RUSH: Right. There’s not gonna be any compromise. ‘We won.’ Obama said the same thing, early in 2009, in that joint legislative leadership meeting he convened at the White House. The Republicans in that meeting talked about maybe the possibility of cutting taxes. ‘No, no, no, no. I won. You can talk about it all you want, but I won,’ and the press was not urging Obama to compromise. The press was not urging Gibbs to compromise. The press was not urging any Democrat to compromise. It’s always the Republicans, even after winning, who are told, ‘You know, you guys better compromise,’ because they’re not happy with the victory. It’s just simple to see. It is what it is. But this is the kind of stuff that ends up co-opting our guys, this relentless assault. You better compromise or you’re gonna be called X. You better compromise or we’re gonna rip you over the coals, and far too many times in the recent past, not even the recent past, our guys have succumbed to it. Here’s Barney Frank, January 28, 2009. On Larry King Live, the fill-in host was John King. He said to Barney Frank, ‘If you don’t have Republicans and conservative Democrats on board with what you want to do, can you have a bipartisan Washington?’

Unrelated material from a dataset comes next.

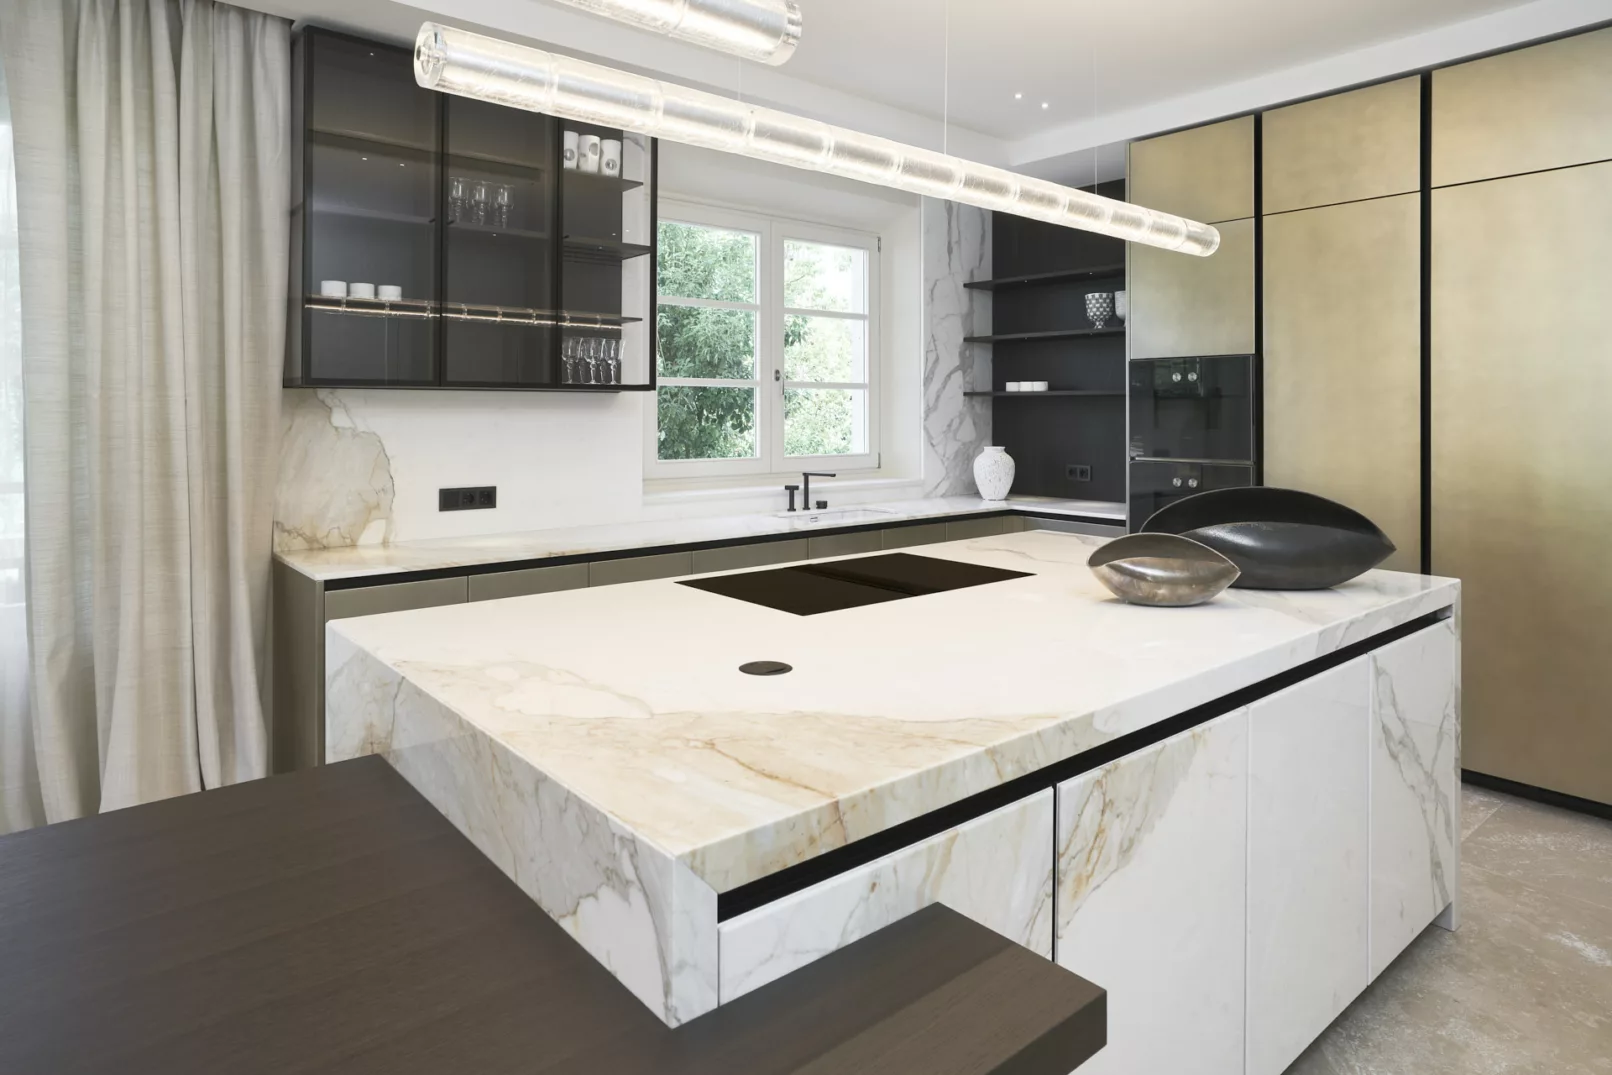 cucina moderna di design in marmo di Carrara realizzata dallo studio InterniNow e fotografata da duzimage, fotografo commerciale di La Spezia.

FRANK: We’ve seen this before, but it does also say elections matter. A different philosophy won. We now differ. The electorate has said, ‘No, we want to go a different way and that’s what we’re doing.’
RUSH: Did you understand that? Kind of? It still needs to be translated. Okay, the question was, ‘If you don’t have Republicans and conservative Democrats, can you have a bipartisan Washington?’ Barney Frank said (impression), ‘We’ve seen this before, but it does also say elections matter. A different philosophy won. We now differ. The electorate has said, ‘No, we want to go a different way and that’s what we’re doing.” So Fibbs, Obama, and Barney Frank: No compromise. The electorate said we want to do it your way. No compromise.
And now we’ve had the election, the American people have declared that the Obama, Barney Frank, and Fibbs way was dead wrong, and still the media is asking of us, ‘Are you ready to compromise now?’ Obama at the health care summit in Baltimore with GOP leaders said if they couldn’t work something out, ‘The voters would decide who is right or wrong. ‘ Obama said, ‘That’s what elections are for.’ Well, we’ve had the elections, and the electorate said, by declaration, that Obama was dead wrong — and so now we’re supposed to compromise.